● Supplied information:
══════

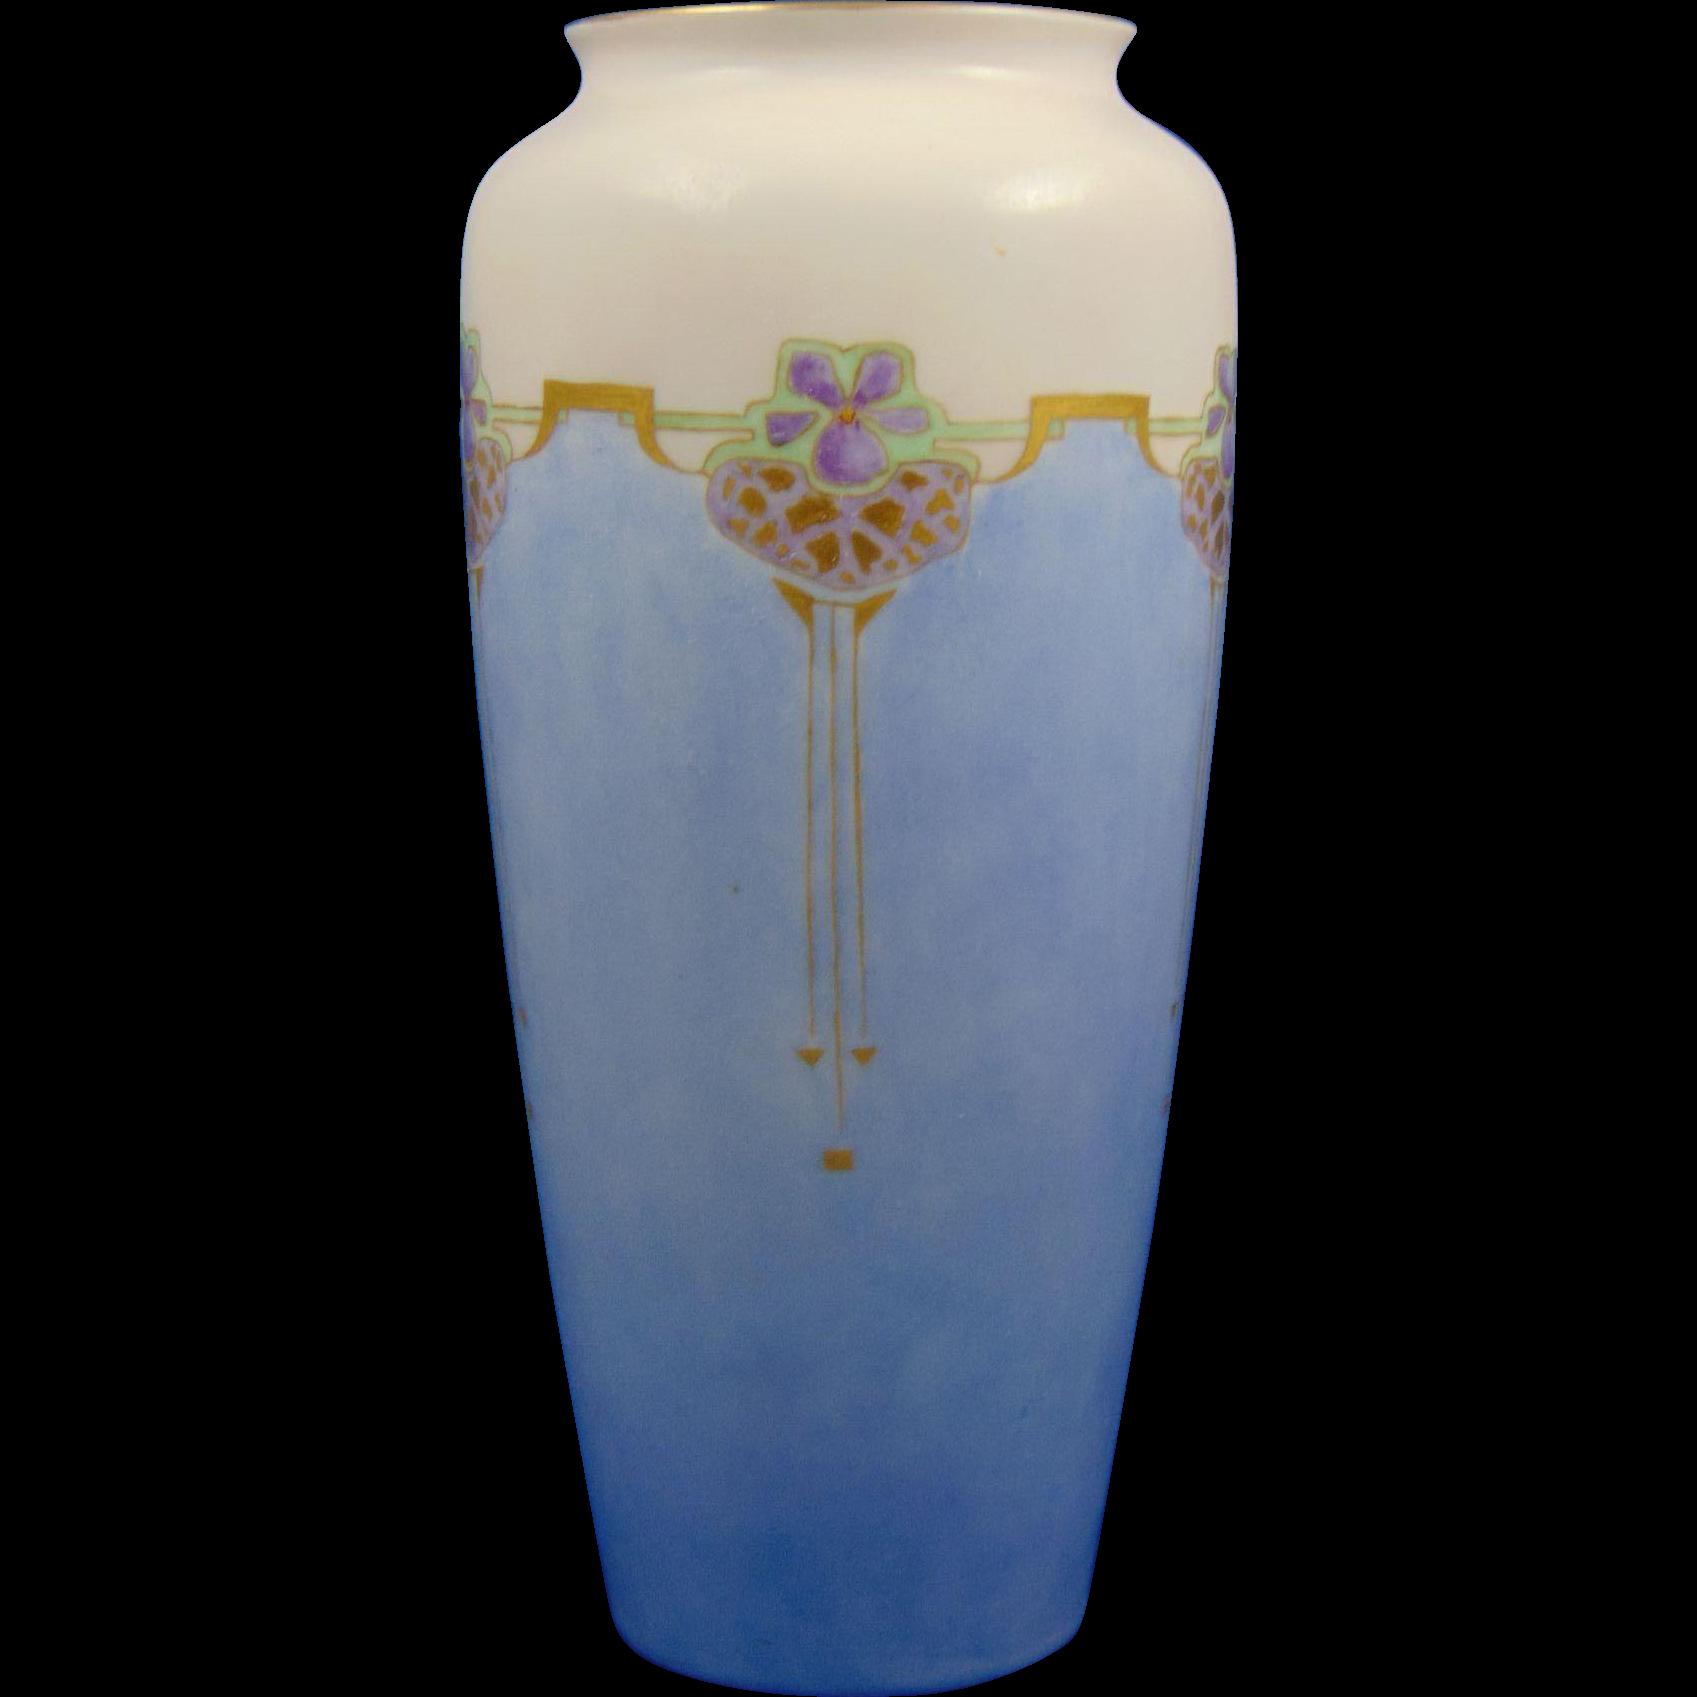 Rosenthal Selb Bavaria Art Deco Violet Motif Vase (c.1907-1930)
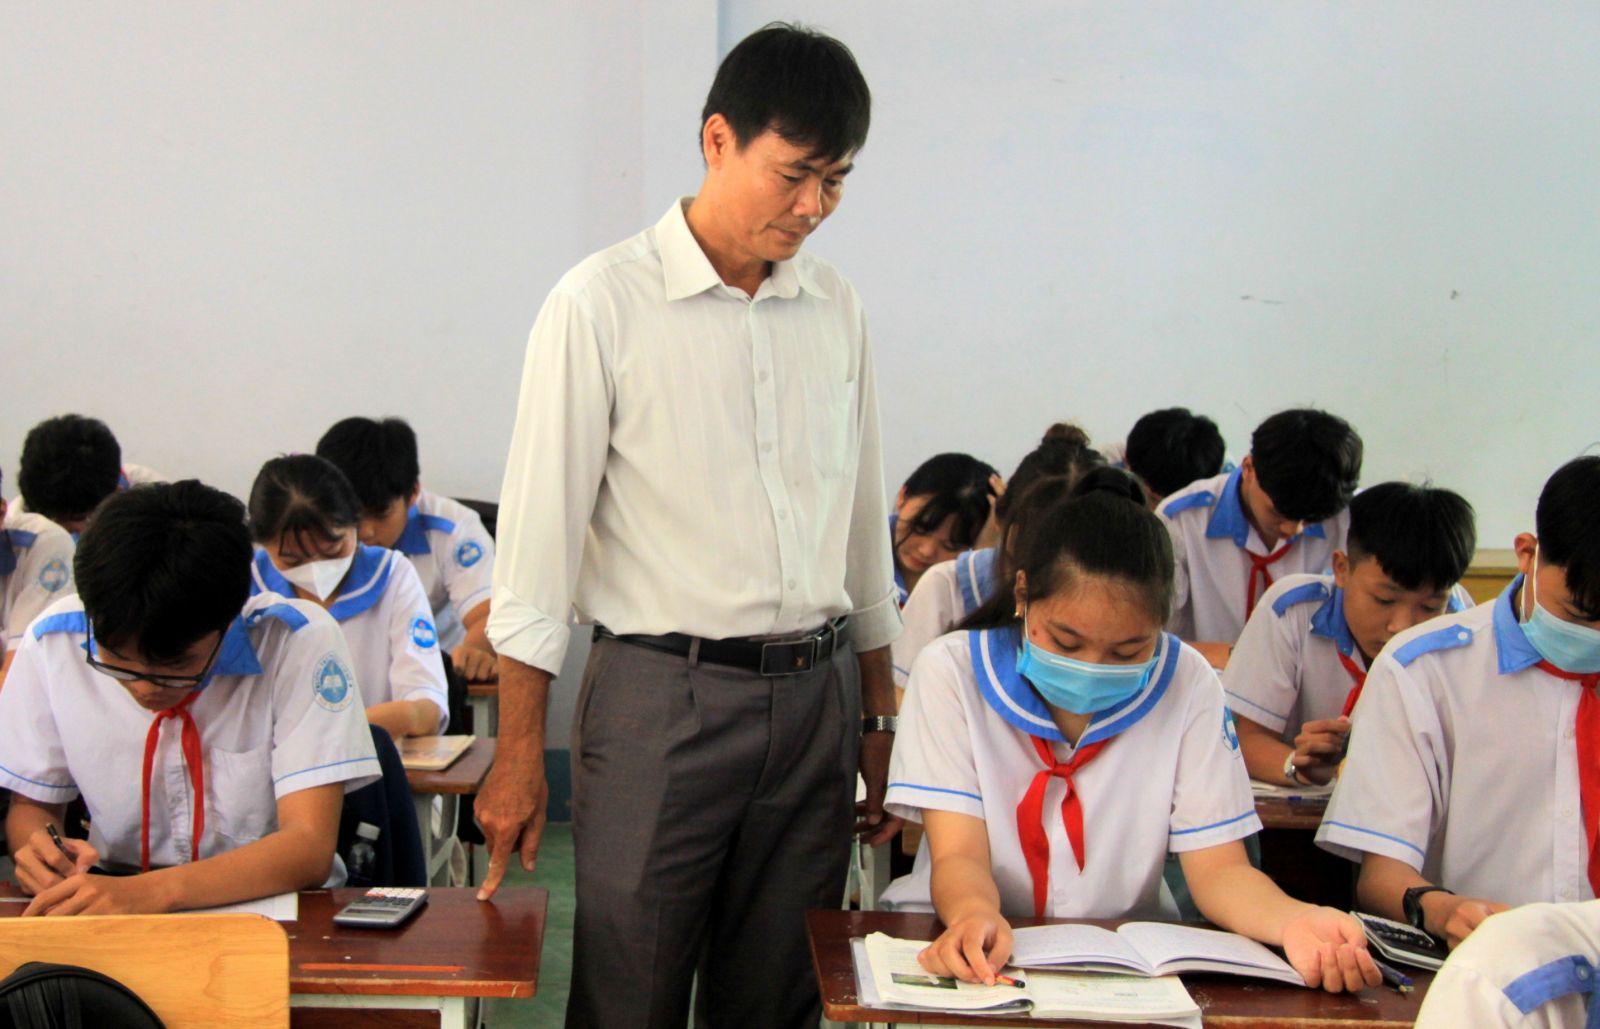 Giáo viên bộ môn theo sát quá trình học tập của học sinh lớp 9, nắm rõ học lực các em, từ đó cho lời khuyên về hướng đi phù hợp trong tương lai (Ảnh tư liệu)
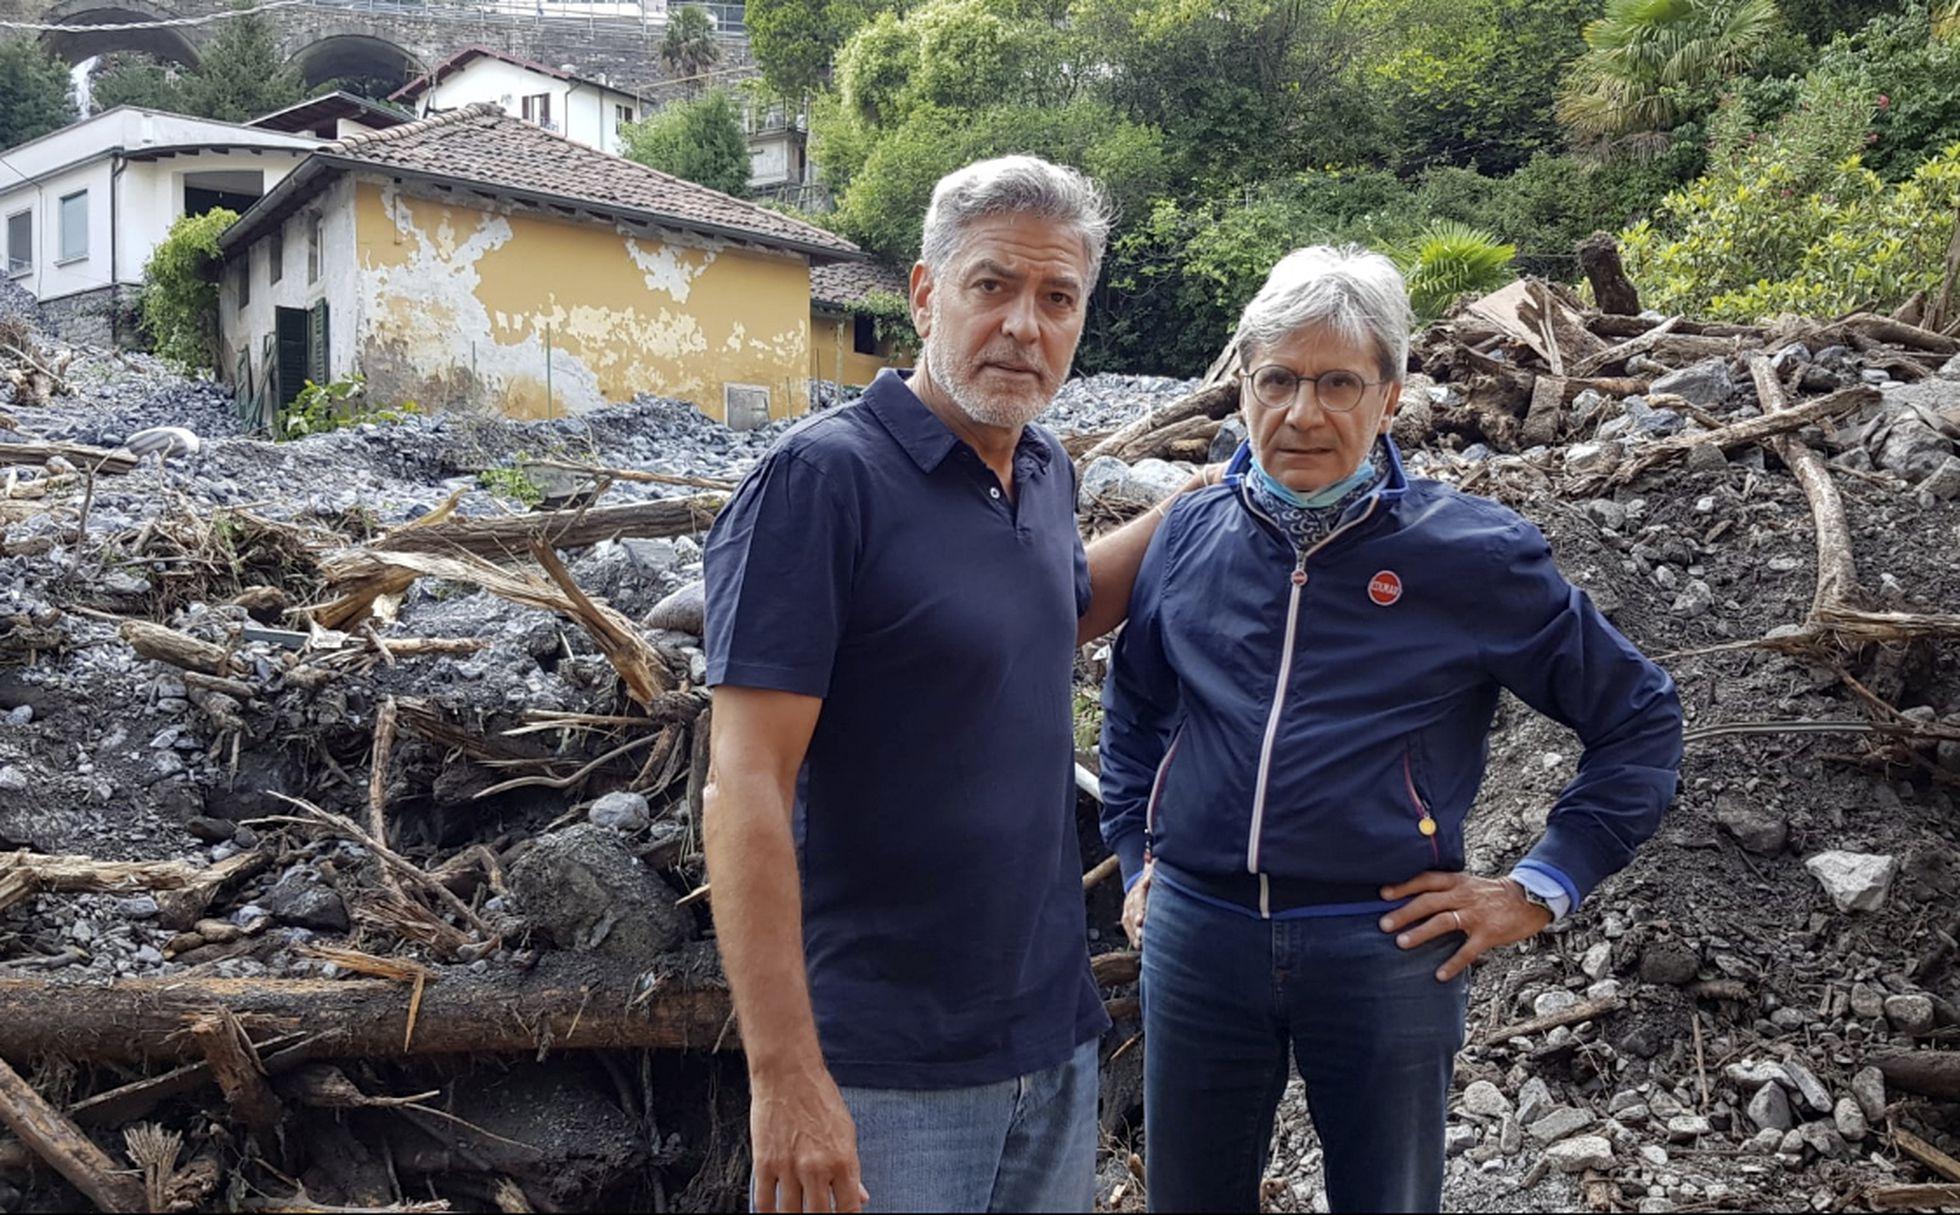 Italia: George Clooney se vuelca para ayudar en las inundaciones del Lago  Como, donde tiene una casa hace 20 años | Gente | EL PAÍS

══════

● Exercise requirements:
Please give back every line above exactly as it stands, without pictures.

● Output for this exercise:
 Rosenthal Selb Bavaria Art Deco Violet Motif Vase (c.1907-1930)
 Giáo viên bộ môn theo sát quá trình học tập của học sinh lớp 9, nắm rõ học lực các em, từ đó cho lời khuyên về hướng đi phù hợp trong tương lai (Ảnh tư liệu)
 Italia: George Clooney se vuelca para ayudar en las inundaciones del Lago  Como, donde tiene una casa hace 20 años | Gente | EL PAÍS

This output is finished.